What needs to be done:
Write out again the lines from the line with "People flee the" up to and including the line with "sexy blonde woman", exactly as they stand below, and skip any picture.

[[ Source data, beginning ]]

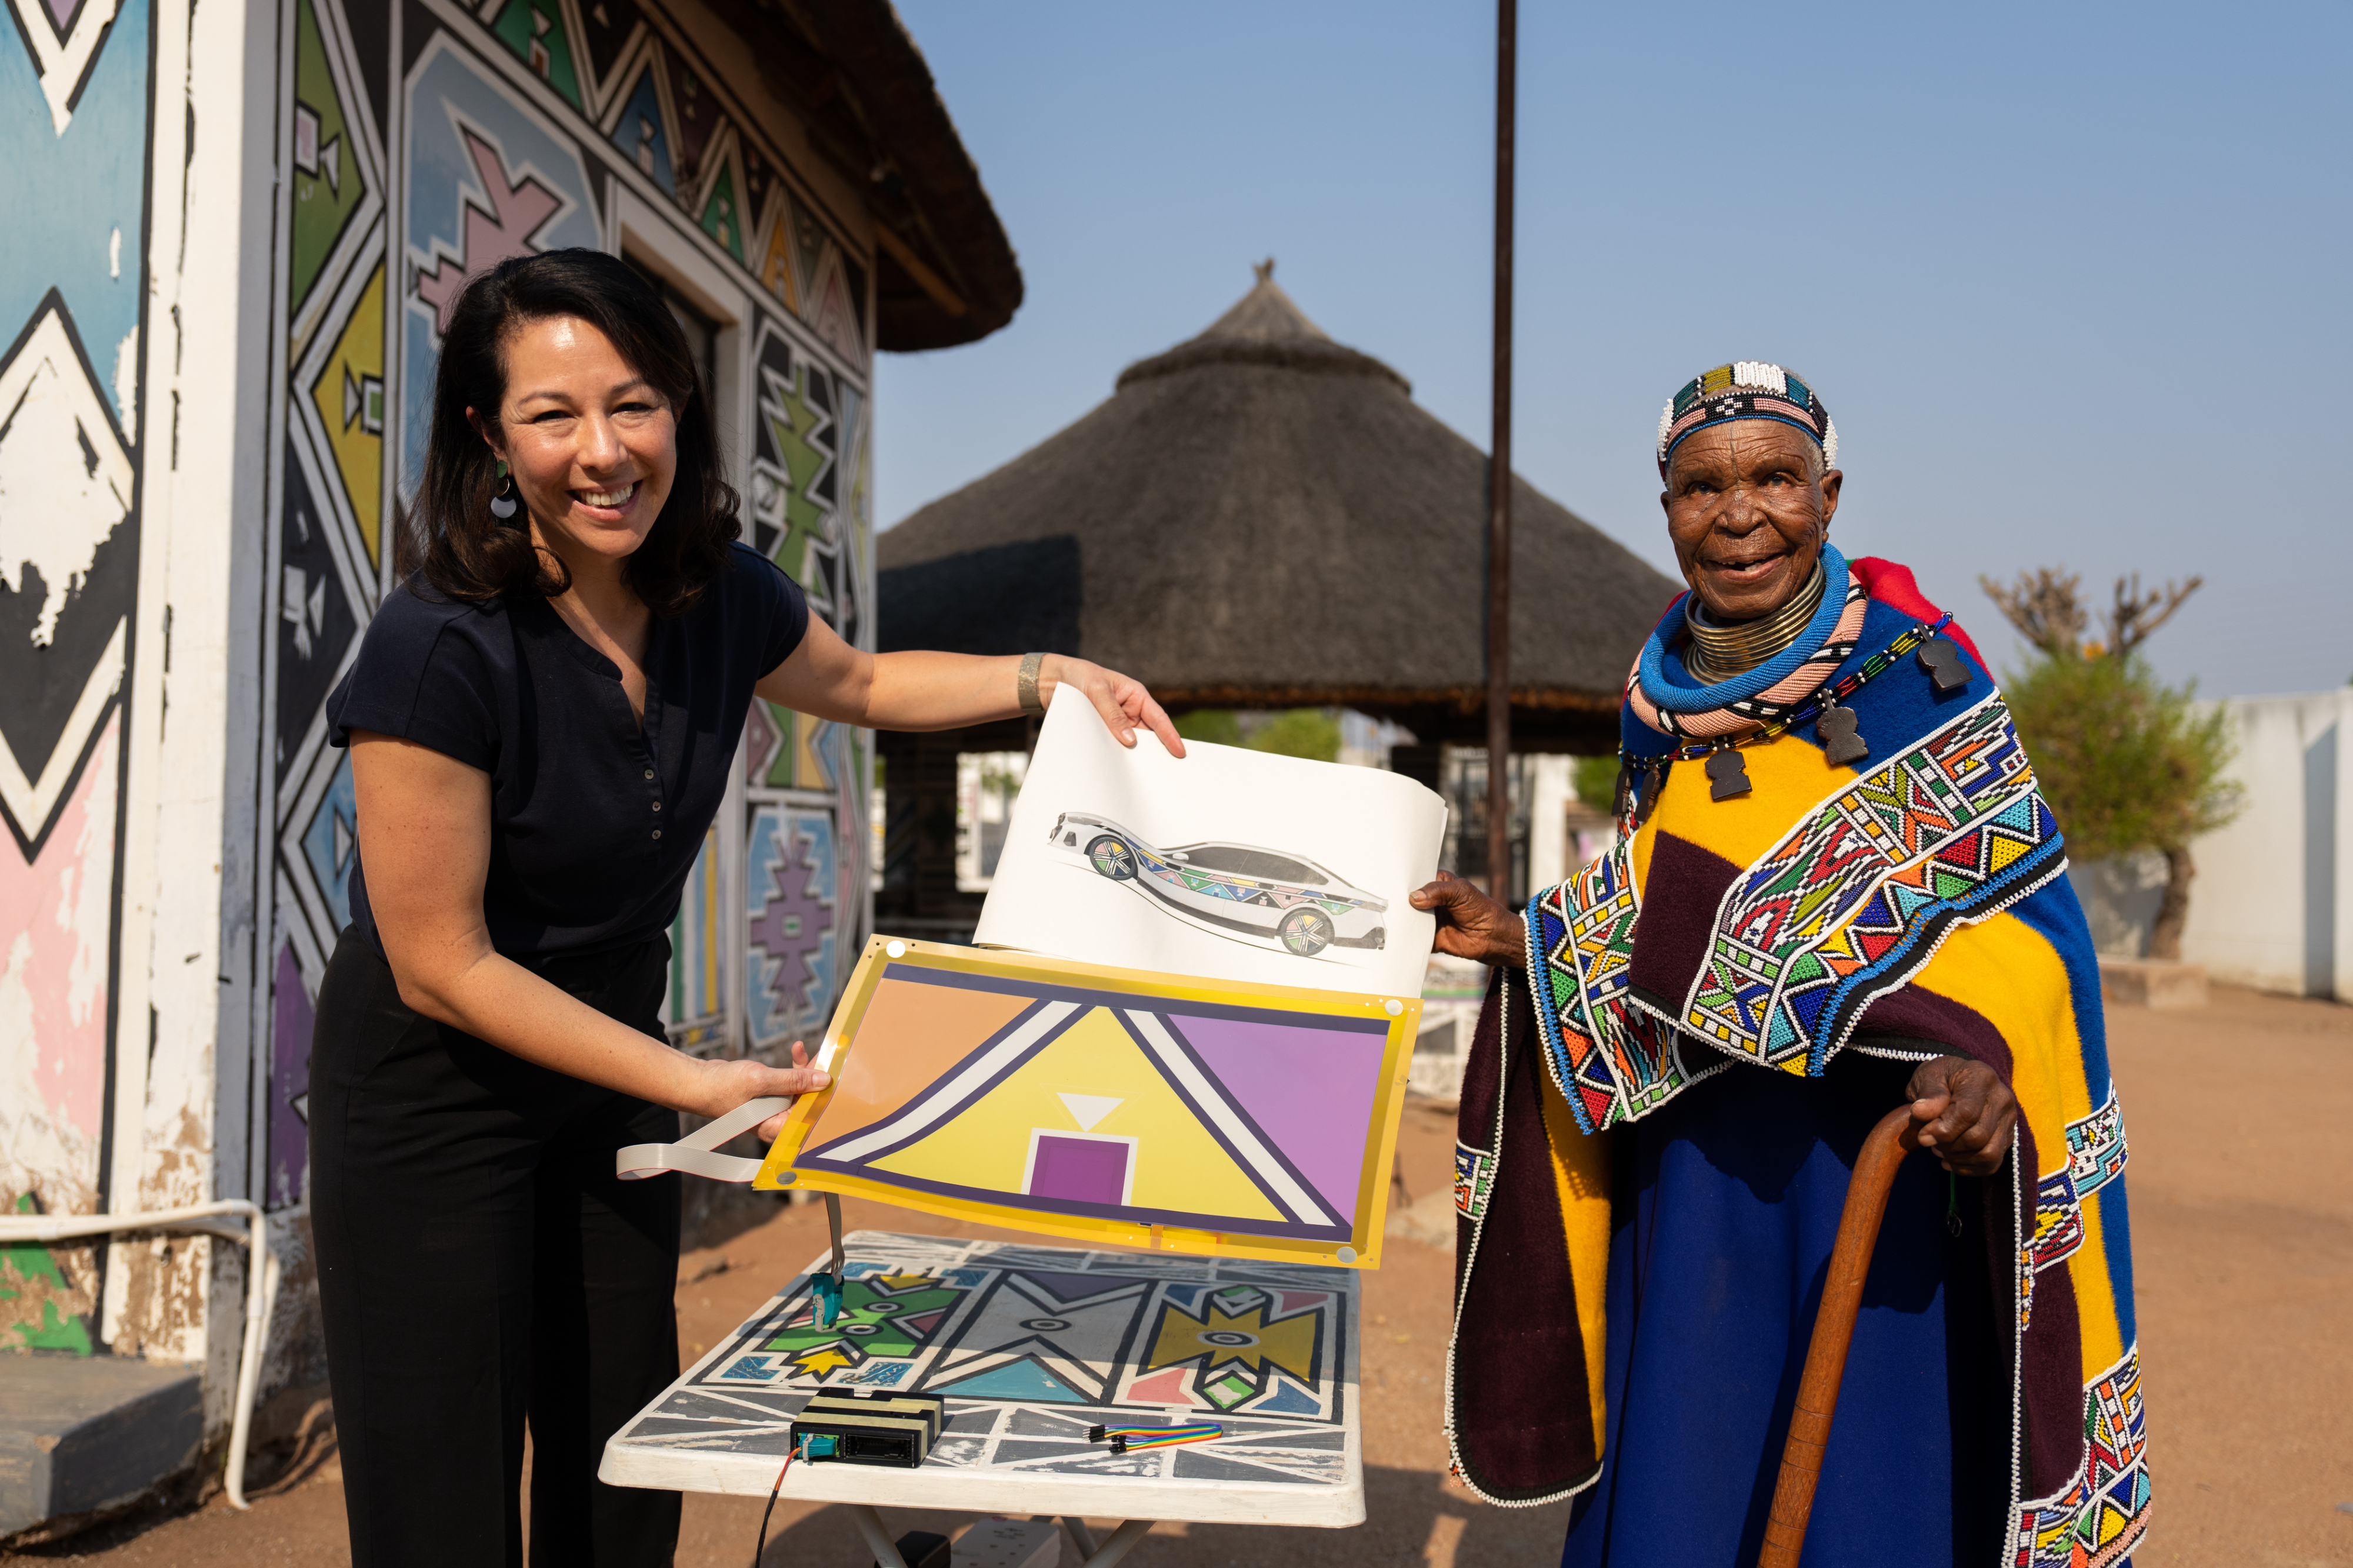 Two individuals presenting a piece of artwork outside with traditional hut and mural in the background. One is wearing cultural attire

[[ Source data, end ]]
[[ Source data, beginning ]]

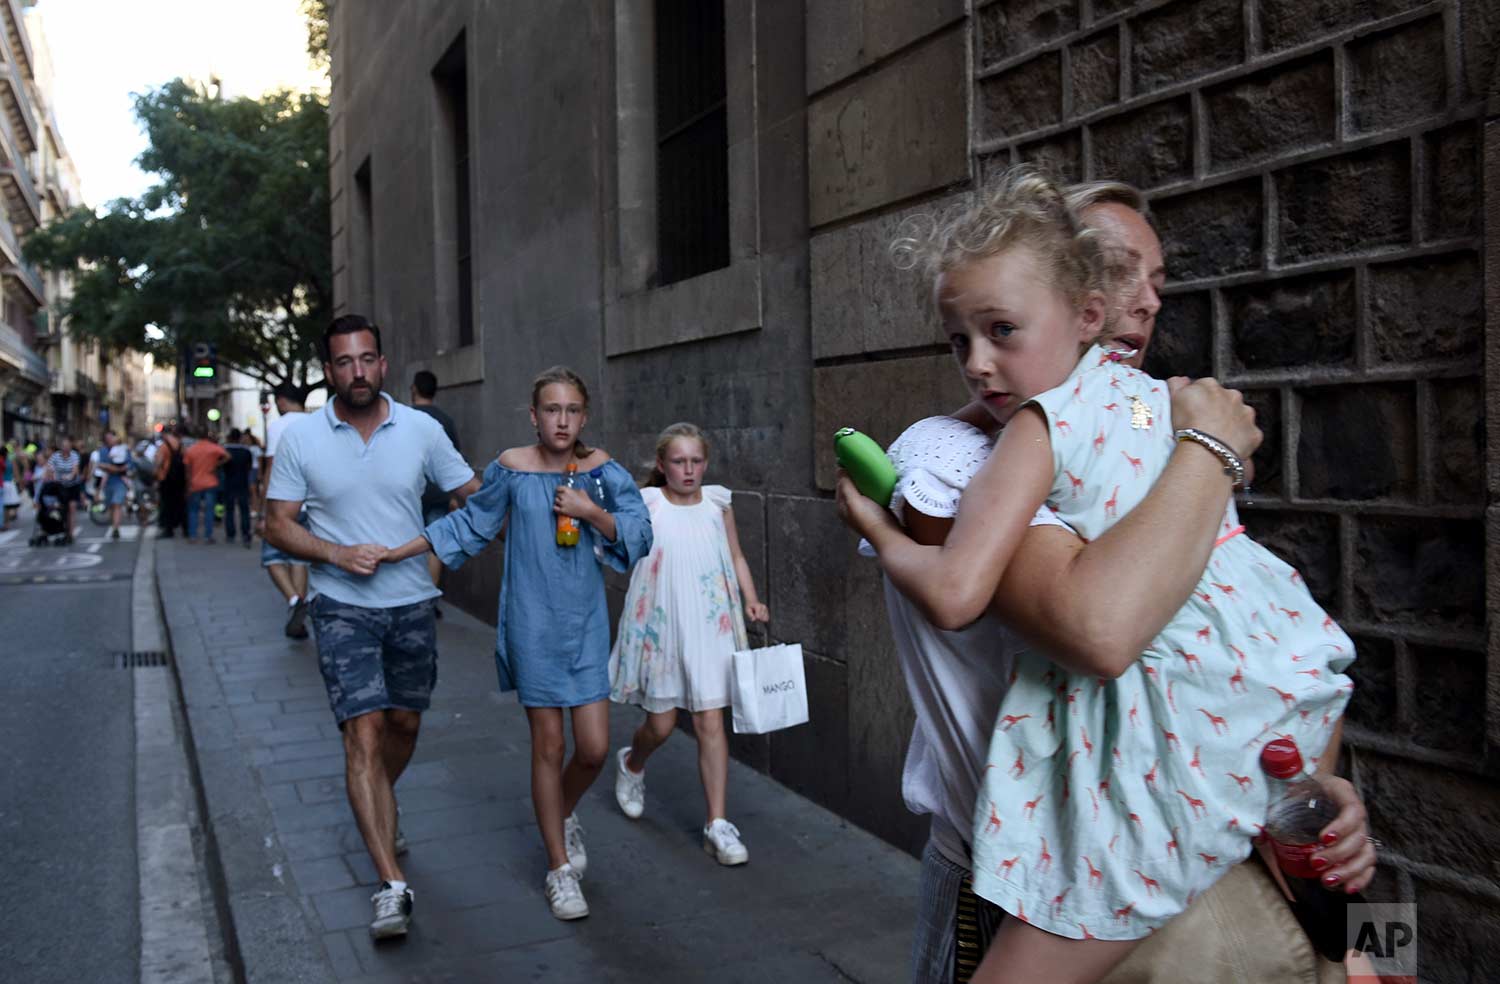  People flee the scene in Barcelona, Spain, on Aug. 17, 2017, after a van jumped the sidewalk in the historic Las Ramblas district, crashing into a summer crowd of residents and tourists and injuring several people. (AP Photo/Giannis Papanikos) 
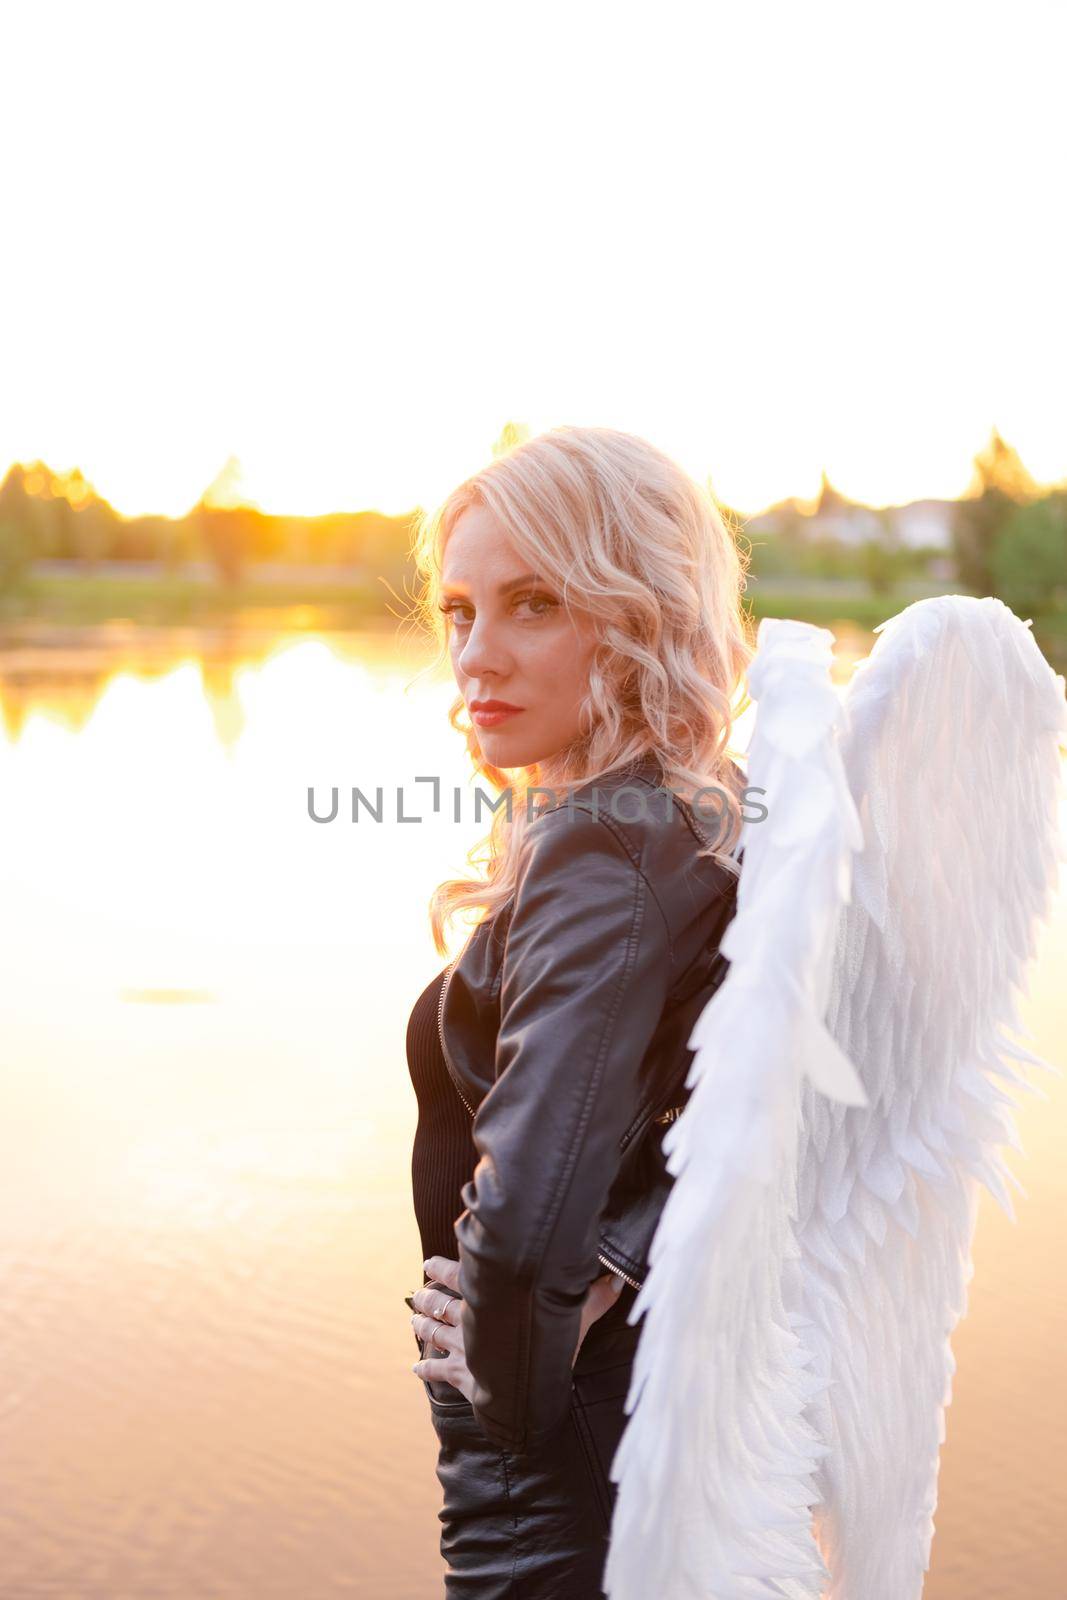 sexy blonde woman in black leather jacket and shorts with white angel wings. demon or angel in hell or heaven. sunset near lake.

[[ Source data, end ]]

Task response:
  People flee the scene in Barcelona, Spain, on Aug. 17, 2017, after a van jumped the sidewalk in the historic Las Ramblas district, crashing into a summer crowd of residents and tourists and injuring several people. (AP Photo/Giannis Papanikos) 
 sexy blonde woman in black leather jacket and shorts with white angel wings. demon or angel in hell or heaven. sunset near lake.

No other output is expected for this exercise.